Stecca Bread Recipe
Have ever tried Stecca? Last summer on a Southern excursion, I was turned on to it at the Swamp Rabbit Cafe. They are famous for it. It’s perfectly salty, oily and yeasty, and crunchy on the outside. It’s yummy for sandwiches; perfect for dipping in olive oil. Honestly, my family generally eats most of it before it even cools off unless I hide it immediately.
I inherited my love of making bread from my Mom. She probably started baking it when she was about my age, which everybody on Instagram knows is 50. She started with a simple cuban bread and developed into adding savory spices or eggs for a luscious challah.
I promise.

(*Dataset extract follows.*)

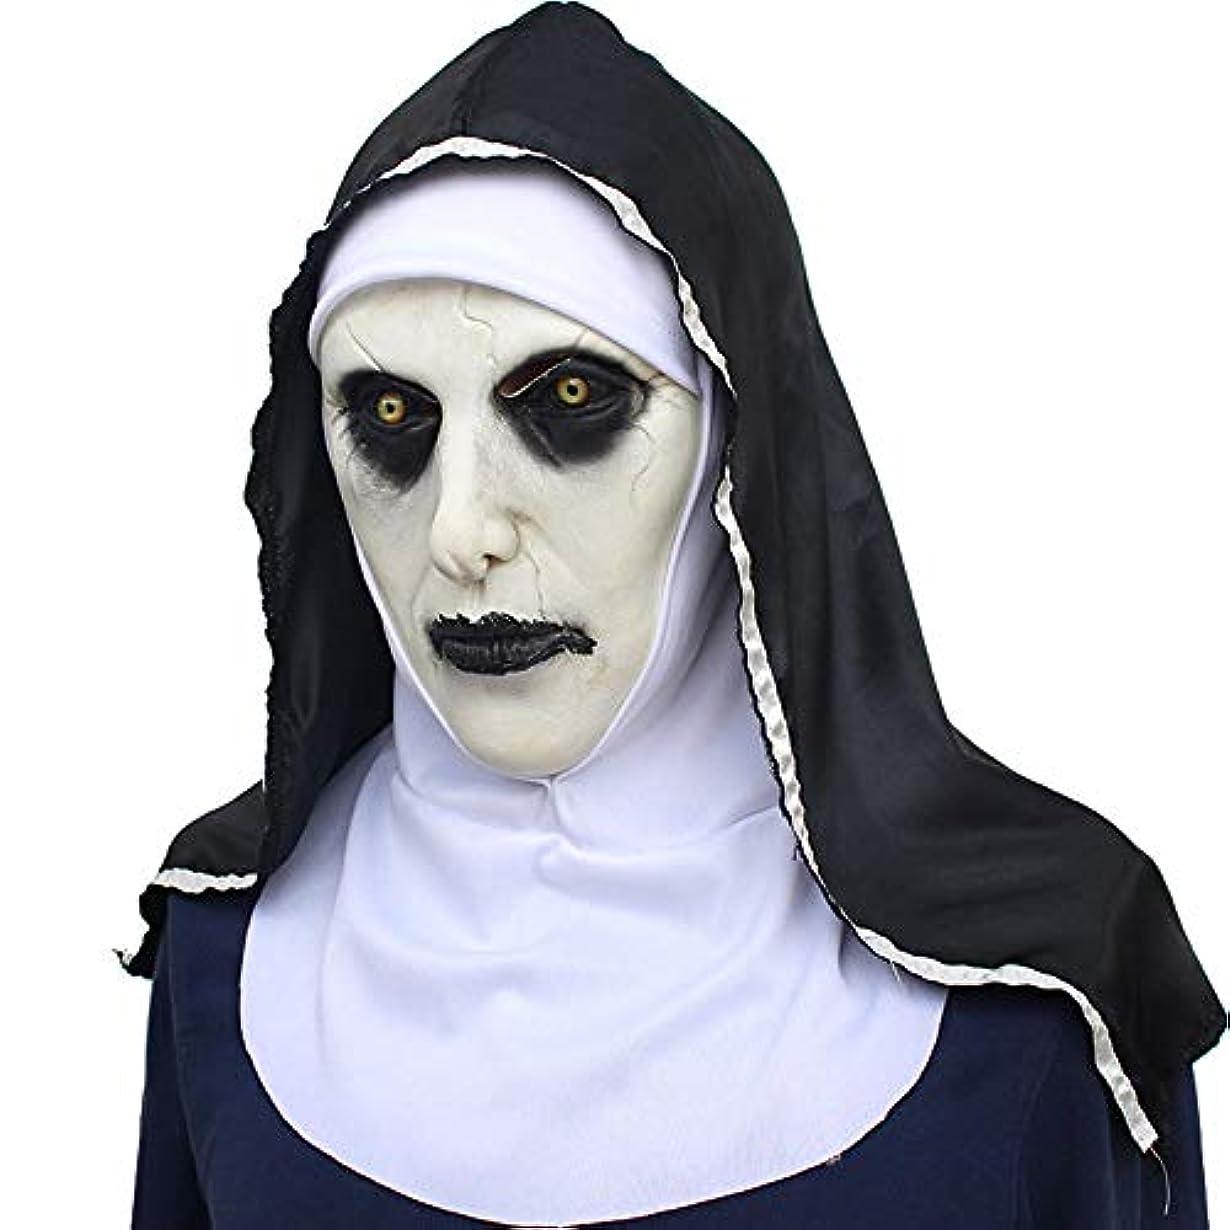 肥満制限定期的なハロウィーンラテックスマスクホラー修道女フェイスマスクパーティー怖い面白い小道具

It’s SUPER easy. It doesn’t require an electric bread maker or stand-up mixer. Hand mixing is the correct process and doesn’t require much strength. It is also forgiving. At times, my dough hasn’t fulfilled the recipe description and it still tasted AMAZING.
It does take time to rise, so do plan ahead.Prep time
20 hours + 30 mins
- 3 cups (400 grams) bread flour
- ½ teaspoon table salt
- ¾ teaspoon sugar
- ¼ teaspoon instant or other active dry yeast
- 1½ cups (350 grams) cool 55-65F water
- additional flour for dusting
- 20 pieces of the any combination of following: whole garlic cloves, whole olives, halved cherry tomatoes (optional)
- ¼ cup extra virgin olive oil
- ¾ teaspoon coarse sea salt or kosher salt
You’ll notice there isn’t very much yeast. It’s not a full packet. Just more time...
MINUS 12-20 HOURS:
In a medium bowl, stir together the flour, table salt, sugar and yeast. Add the water and, using a wooden spoon or spatula, mix until you have a wet, sticky dough, about 30 seconds. Cover the bowl and let sit at room temperature until the surface is dotted with bubbles and the dough is more than doubled in size, 10 to 18 hours (up to 24 hours if you have a cold home.
MINUS 3 HOURS:
When the first rise is complete, generously dust a work surface with flour. Use a bowl scraper or rubber spatula to scrape the dough out of the bowl in one piece. Fold the dough over itself to her three times and gently shape it into a somewhat flattened ball. Brush the surface of the dough with some of the olive oil and sprinkle with ¼ teaspoon of the coarse salt (which will gradually dissolve on the surface).
- Grab a large bowl (large enough to hold the dough when it doubles in size. you could also use a large pot) and brush the insides of the bowl with olive oil. Gently place the dough, seam side down into the bowl. Cover bowl with a towel. Place in a warm spot to rise for 1 to 2 hours. The dough is ready when it is almost doubled. When you poke it with your finger, it should hold the impression. If it springs back, let it rise for another 15 minutes.
- Half an hour before the end of the second rise, pre-heat the oven to 500F, with a rack in the center. Oil a 13″ x 18″ x 1″ baking sheet. (I use a ciabatta pan and split it into havles. I have also put it into loaf pans. They all work.)
- Cut the dough into halves or quarters. Gently stretch each piece evenly into a long, thin, baguette shape approximately the length of the pan. Place on the pan, leaving about 1 inch between the loaves. Here’s where you embed the garlic cloves, olives or cherry tomatoes into the loaves, about five pieces per loaf. Just tuck it in and pinch the pockets closed. Drizzle, tab or brush olive oil on each loaf. Sprinkle sea salt or kosher salt over each loaf, remember to go light on the olive loaf since the olives are salty.
MINUS 30 MINUTES:
Bake For 15 to 25 minutes, until the crust is golden brown. Cool on a pan for five minutes, then use a spatula to transfer the baguette to a rack to cool thoroughly.
- Note: The baguette may become a bit soggy in just a few hours because of the salt on the surface. If that happens, reheat the loaves in a hot oven until crisp.
NOTE: The Alabama Sawyer walnut bread boxes are not secure against families stealing baked goods. In fact, it may encourage it.